As the fourth-largest potash importer globally, India’s contracted volume accounts for approximately 35% of its total imports in 2024, underscoring the pricing power and export dominance of Belarus and Russia. In the first quarter of 2025, combined production from Russia and Belarus declined by 1.2 million tons. With persistently high prices in Brazil and Southeast Asia and India’s port inventory falling to just 170,000 tons ahead of its planting season, India had little leverage and was compelled to accept the contract price.
China and India have historically maintained similar benchmark potash contract prices, making this Indian deal a key reference point for the Chinese market. However, China’s negotiating delegation has yet to respond publicly, and the market is closely watching whether China will align with India’s contract price.
Multi-Dimensional Impacts on China’s Potash Imports:
Increased International Pricing Pressure:
India’s acceptance of a high-price contract eases pressure on global suppliers, making short-term price concessions to China less likely.
Domestic Price Pressure Amid Weak Demand:
In China, domestic potash prices have surged while grain prices remain weak, reducing farmers' enthusiasm for planting. With potash prices at historic highs, demand in 2025 may face downward pressure.
China’s Strategic Advantages:
Reasonable port inventories and off-season flexibility allows China to wait strategically.
Diverse import channels: In addition to sea shipments, China can source potash via land routes from Russia, Belarus, Laos, and Uzbekistan.
Deeper geopolitical cooperation: China’s supply chain stability is more robust compared to India.
At present, the market is in a phase of information gathering and strategic adjustment.
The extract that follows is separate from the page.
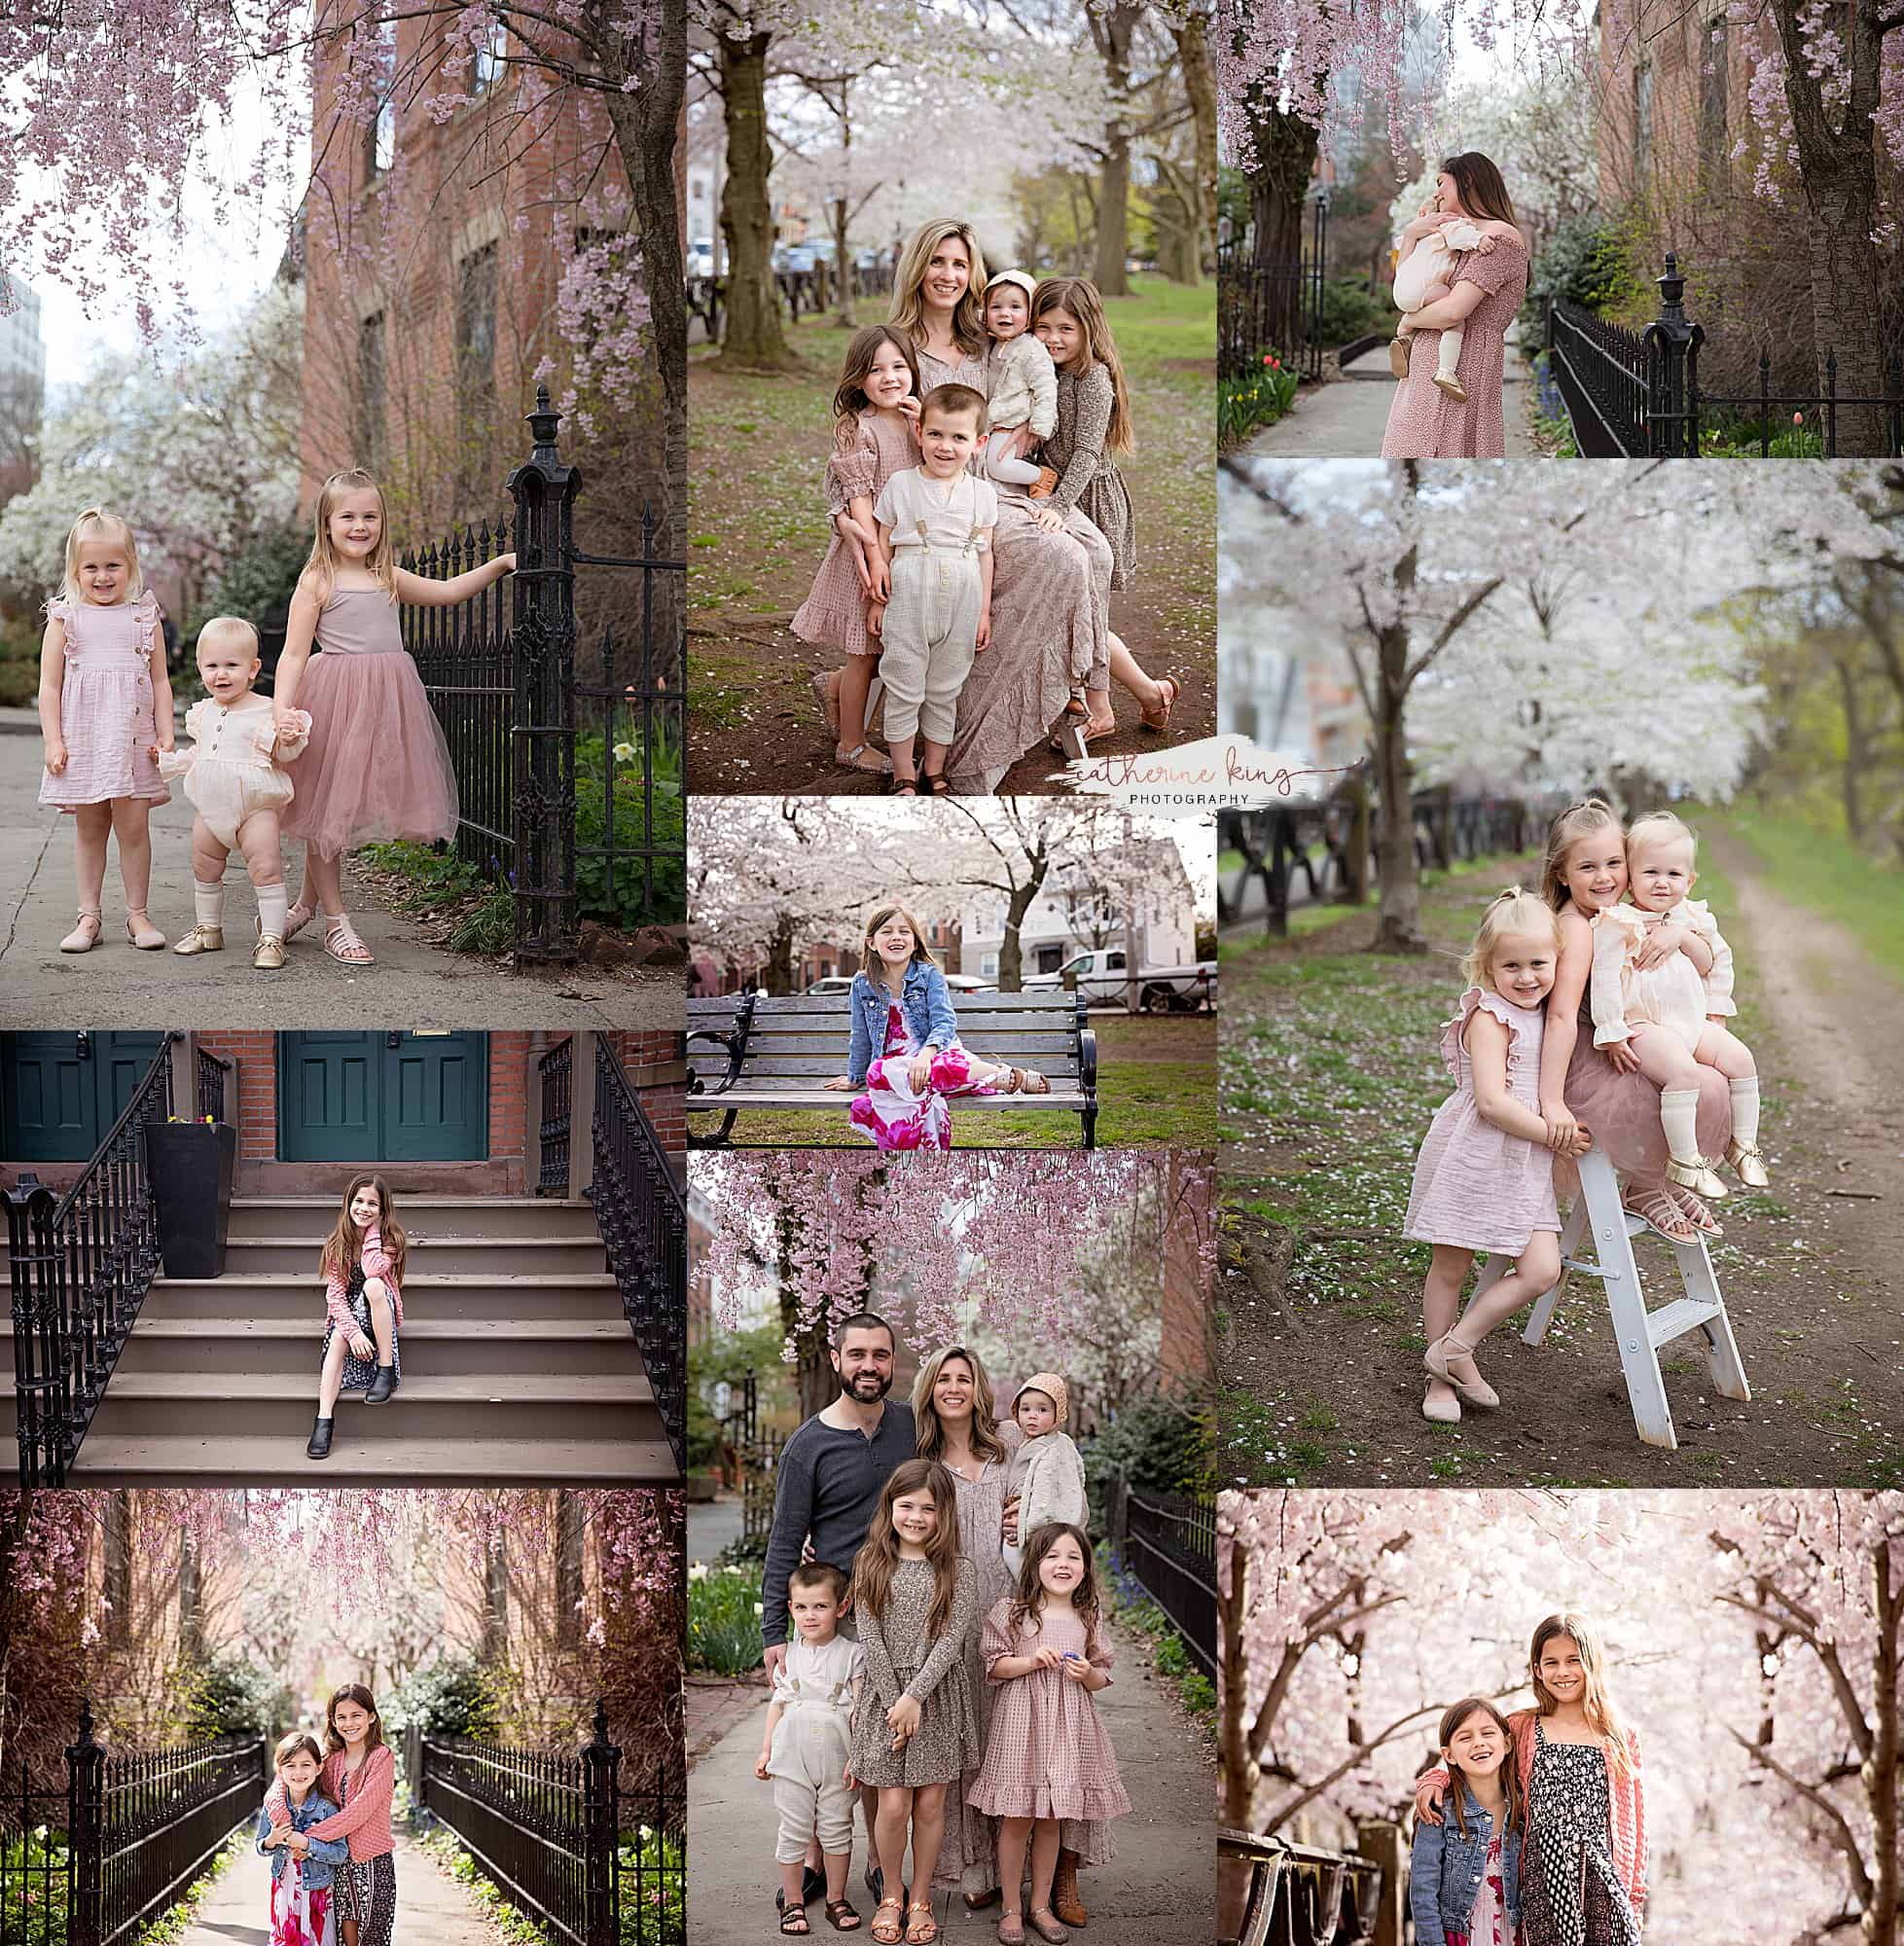 Family photography with New Haven CT Cherry Blossoms this Spring

The final price and signing timeline of China's next major potash import contract will reflect a three-way negotiation among international supplier strategies, China’s ability to diversify sourcing, and seasonal domestic demand trends. Continued attention to key timing and market data updates is essential.
Conclusion: A New Global Potash Order Amid Structural Shifts and Pricing Power Struggles
By mid-2025, the global potash market is undergoing a critical phase of restructuring, marked by simultaneous adjustments in supply, demand, and pricing strategies.
On the supply side, Jordan's Arab Potash Company has officially launched its Southern Expansion Project, aiming to raise its annual capacity to 3.7 million tons by 2029—highlighting the Middle East's growing strategic role in global potash production.
On the demand side, Brazil’s fertilizer imports surged by 13% year-on-year in the first four months of 2025, reaching a five-year high. This underscores the country’s continued heavy reliance on potash and its accelerating efforts to localize production and ensure supply security through national initiatives.
In terms of pricing, India’s recent long-term contract with Russia and Belarus at a high CFR price of $349/ton has established a new international benchmark. This has triggered ripple effects across the market, directly influencing the pace of China’s negotiations, its procurement strategies, and broader price expectations.
Amid diverging demand trends, redefined pricing dynamics, and shifting supply structures, the global potash market is entering a more strategic and uncertain phase. Future competitiveness will depend on a nation's ability to diversify sourcing channels, strengthen negotiating leverage, and adapt effectively to policy and market shifts.